» ASSIGNMENT
Your output should be the lines from the one containing "Forklift using LiftTrak technology" through the last line below, both ends included, exactly as written and free of pictures.

» SUPPLIED INFORMATION
========
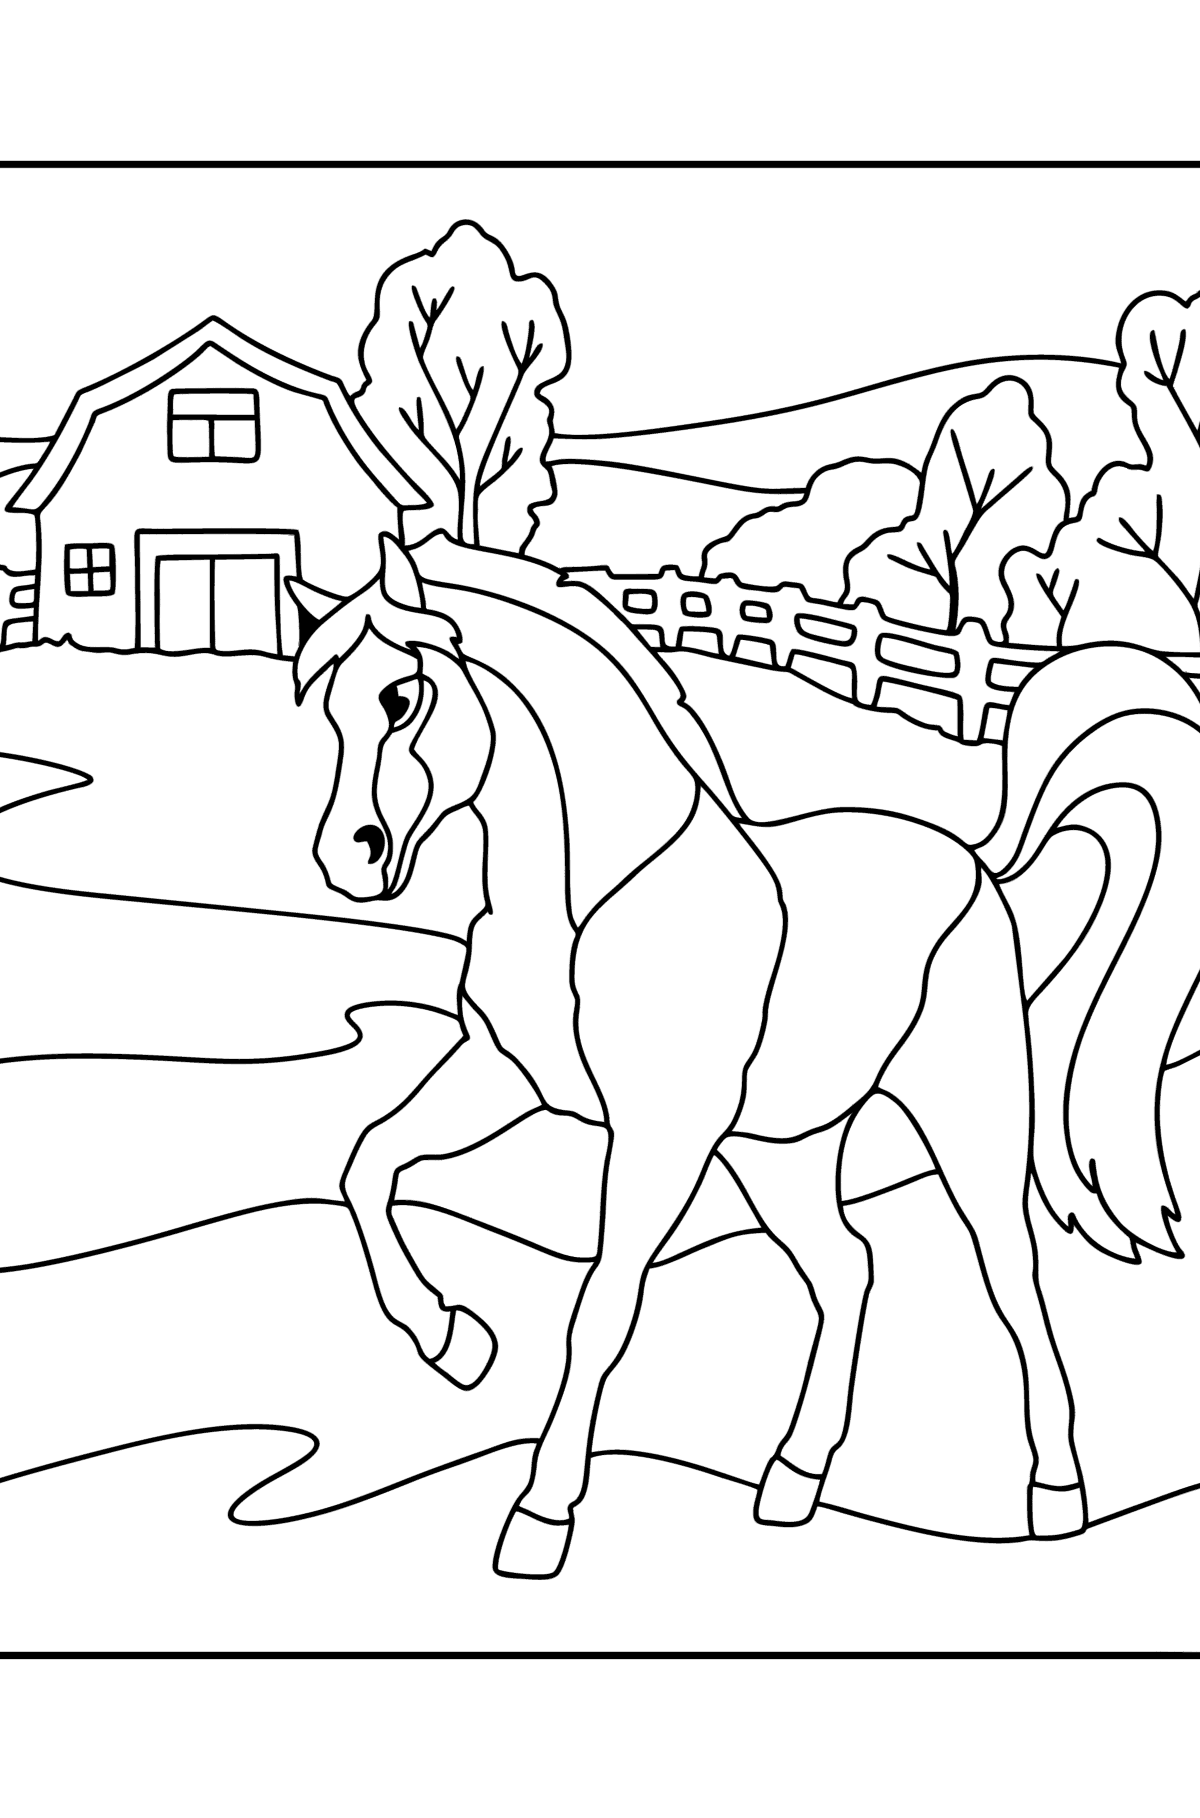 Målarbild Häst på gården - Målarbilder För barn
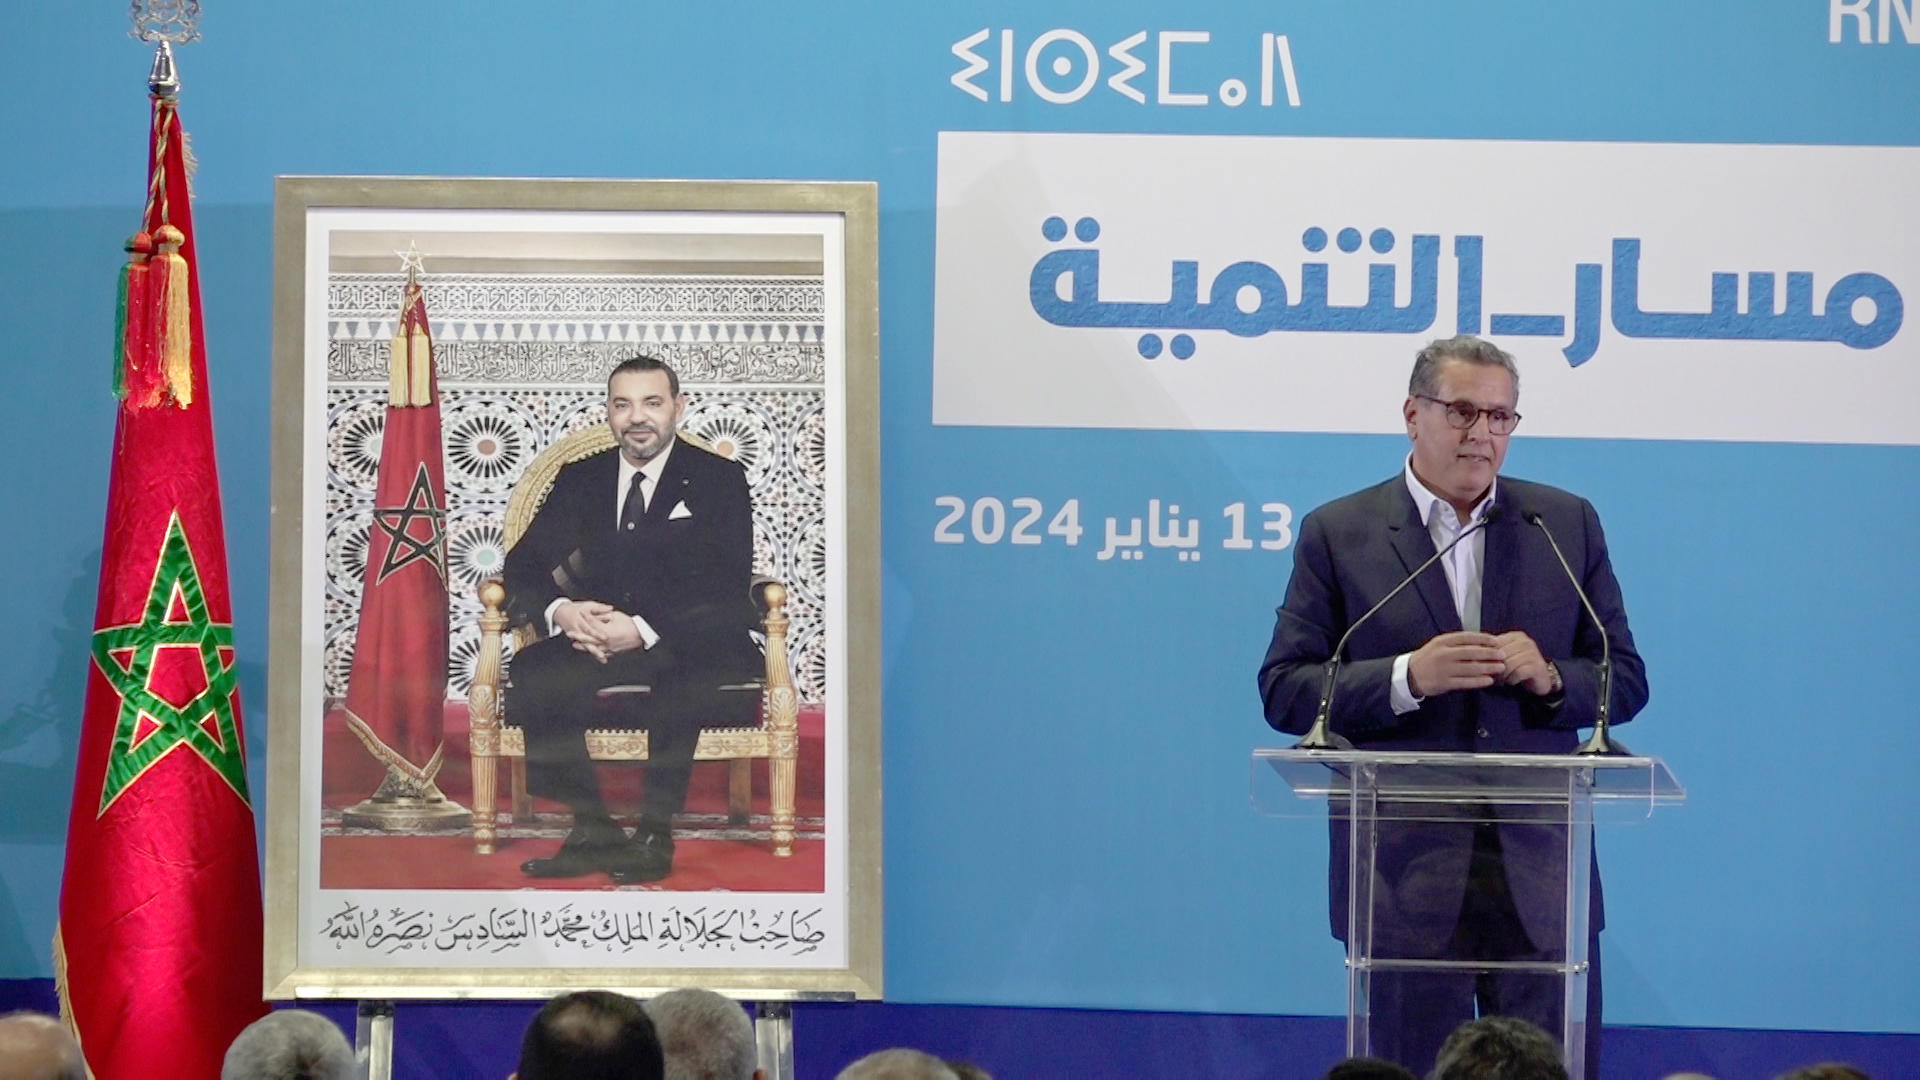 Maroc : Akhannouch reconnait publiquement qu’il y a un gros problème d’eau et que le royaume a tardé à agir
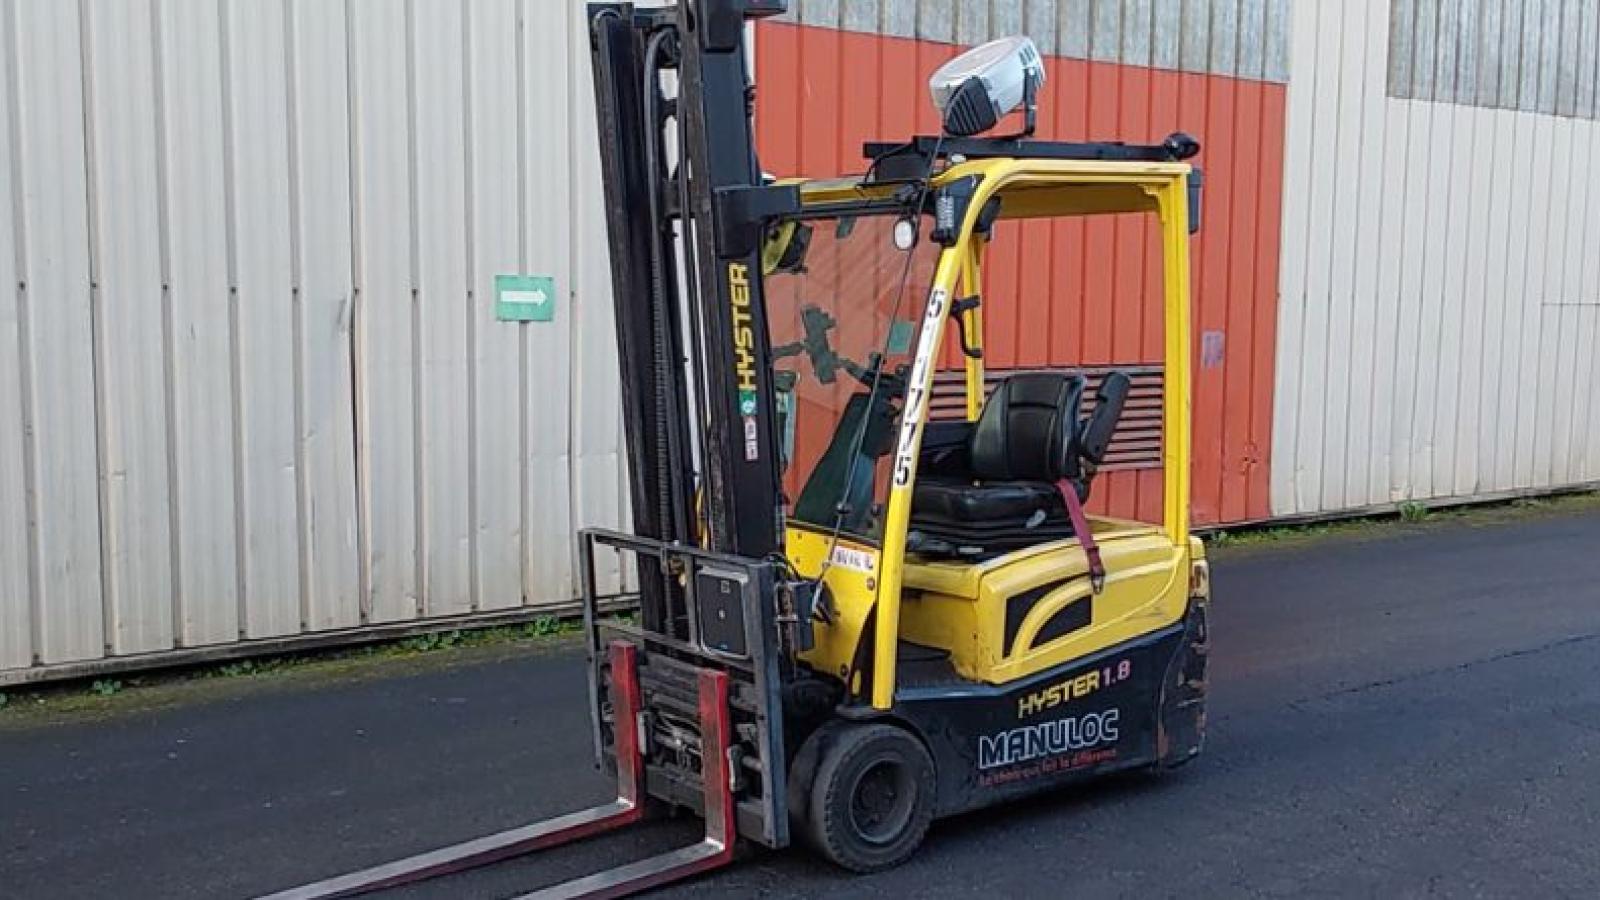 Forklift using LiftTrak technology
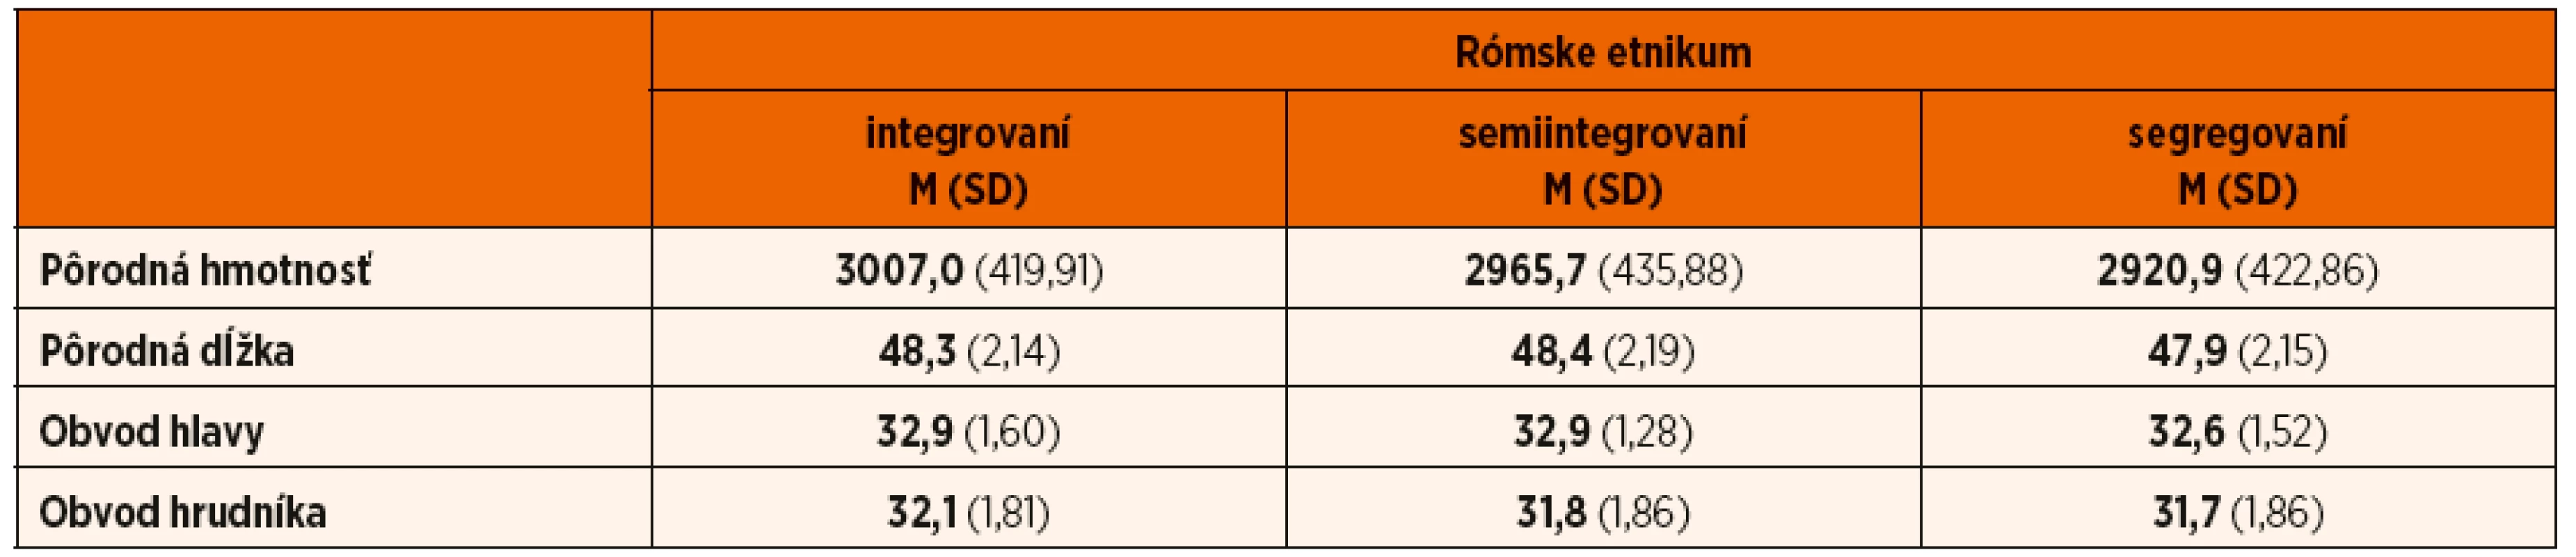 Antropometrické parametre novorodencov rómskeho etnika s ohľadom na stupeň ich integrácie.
========
» EXERCISE SOLUTION
 Forklift using LiftTrak technology
 Antropometrické parametre novorodencov rómskeho etnika s ohľadom na stupeň ich integrácie.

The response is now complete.